I am trying to find the dedication that is needed to workout and actually enjoy it. I have spent money on videos, have a treadmill in my living room, but yet there is not dedication to one thing that will help me get back to the me I was before I moved to Carbondale. Ok, I am not going to be a size 4 again, but maybe smaller than what I am now. There are so many movements for self love and accepting what body you have, and I have come to accept that I will not be a size 4 ever again in my life, but come on throw me a bone! My medication has the side effect of weight gain, so of course that is the side effect that I get...I guess I could have it worse-other side effects include death.  But I lack the drive needed to make the change, partly because the side effect of gaining weight and having depression don't work well together.

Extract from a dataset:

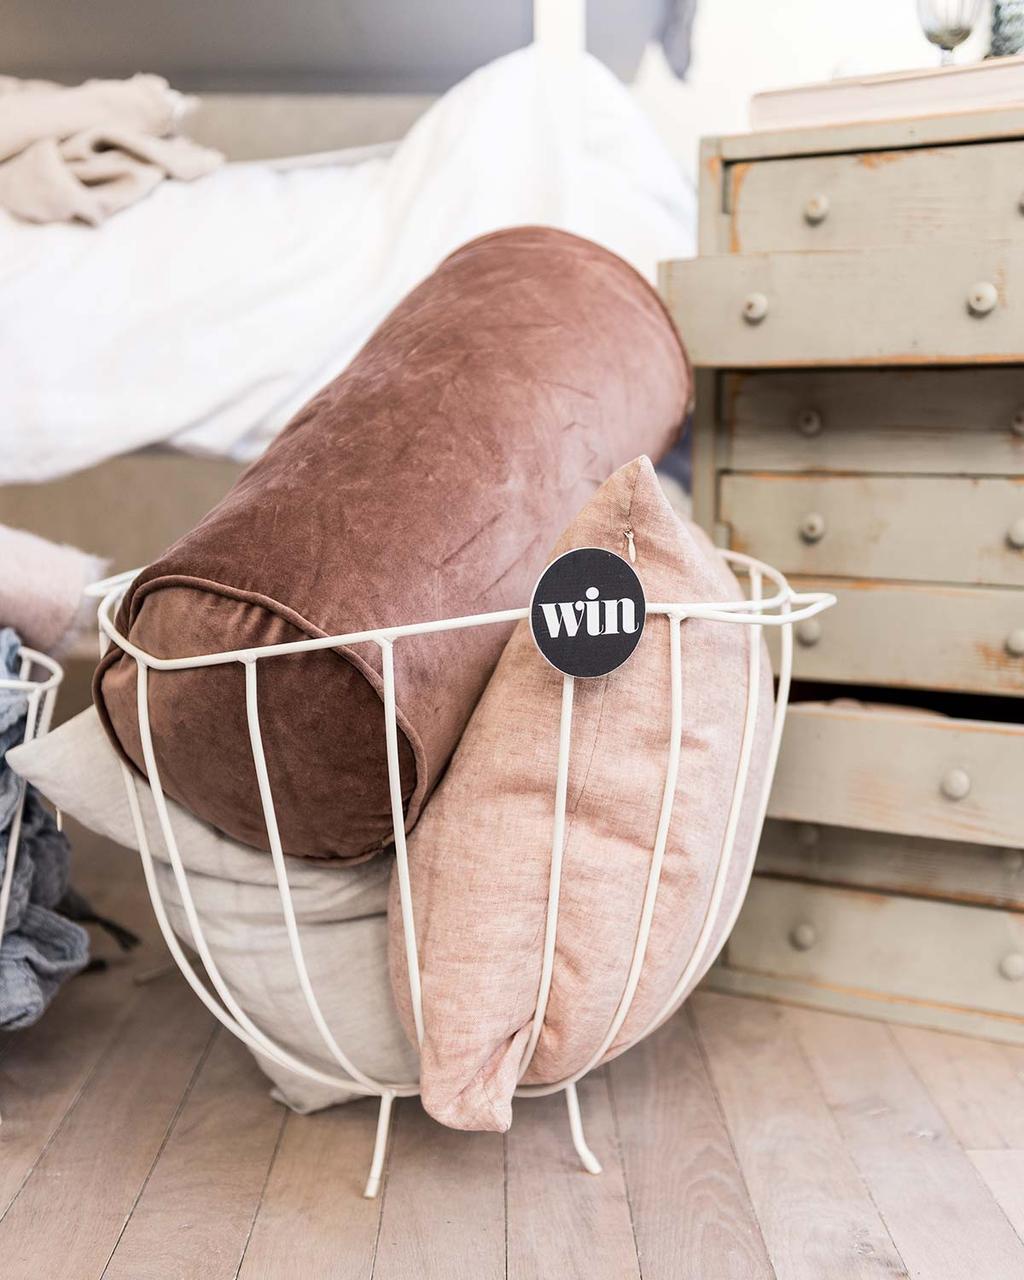 Slaapkamer in het vtwonen huis: win een witte draadmand van k'willeminhuis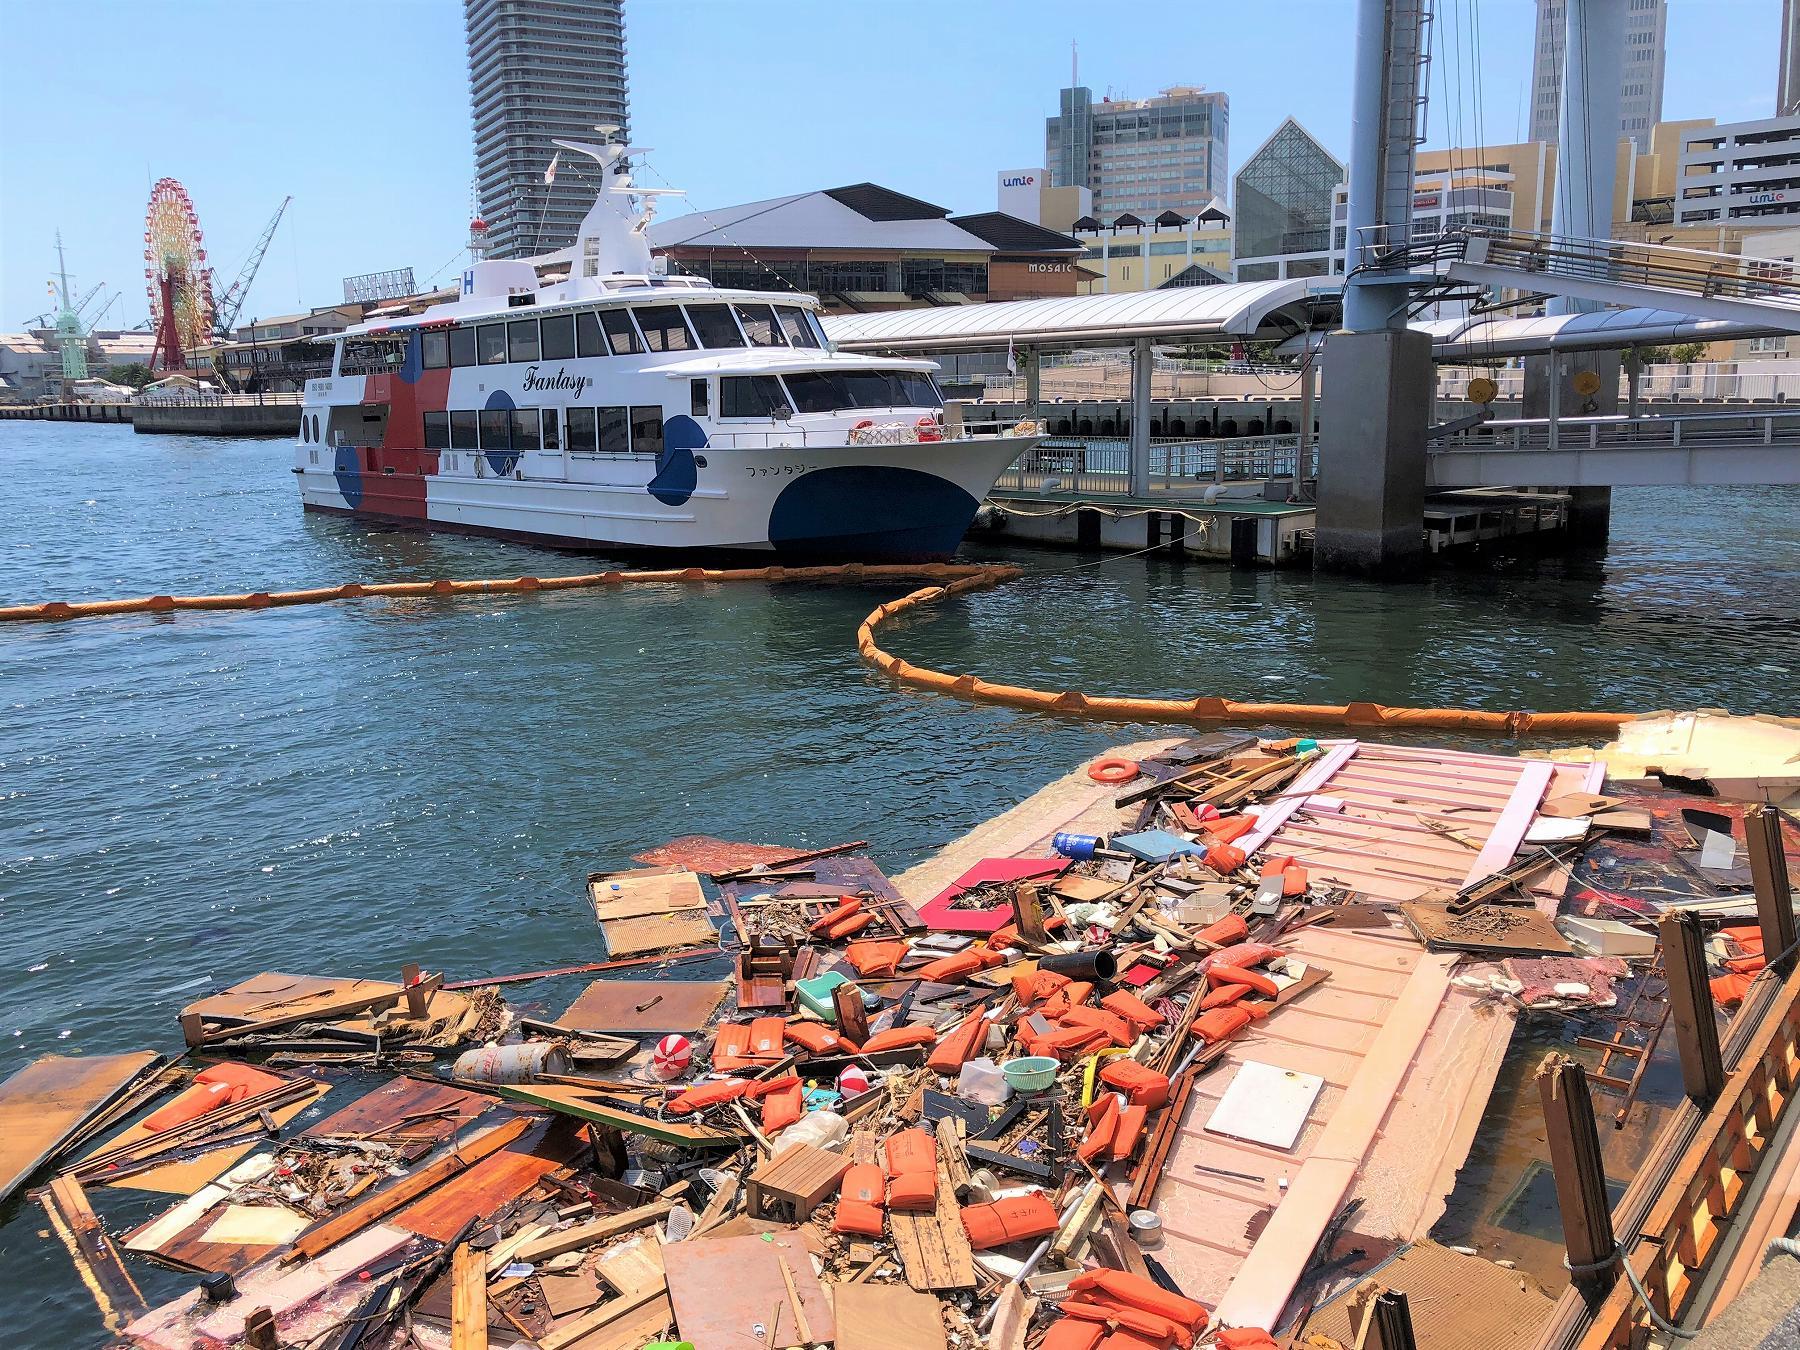 【※閲覧注意】神戸港・かもめりあ前に係留していた屋形船が、台風の影響で崩壊・沈没したよ… #屋形船 #神戸港 #神戸ハーバーランド #かもめりあ #クルージング #神戸観光 #船舶沈没

If I gain weight and don't feel good about myself and the way I look, that puts me in a blah mood, which can trigger a depressive state for a few days to a week. Now these have been spread out over longer periods of time, so that is a plus. I have not completely given up hope of change. I have decided that this will be my NEW START...if I want to see change I have to work for it, right? Unfortunately, my brain fights me everyday on this NEW START movement I try every week. I haven't worked out in two weeks and you know what, I feel guilty about it. I don't want to feel guilty about that! Do you see the correlation?  In order for guilt not to set in and my mood to plummet to the depths of hell, I have to get up off my ass and do something about it. I need to dedicate myself to my well being. I am not going to go crazy and sign up for Crossfit...that would just be insane, but I am going to get back to the me I was before... the girl who ran to clear her head, the girl that didn't curse like a sailor when it came to working out, I am going to get back to me. So back to basics...I loved running in college, so that is where I will start. Who knows, maybe the dedication will come back to me and I will finally do a 5K for the first time. Something to look forward to, but I have to start somewhere and its not where I have been for the last two weeks, the couch. (EVEN though the couch and I have a long and loving relationship.)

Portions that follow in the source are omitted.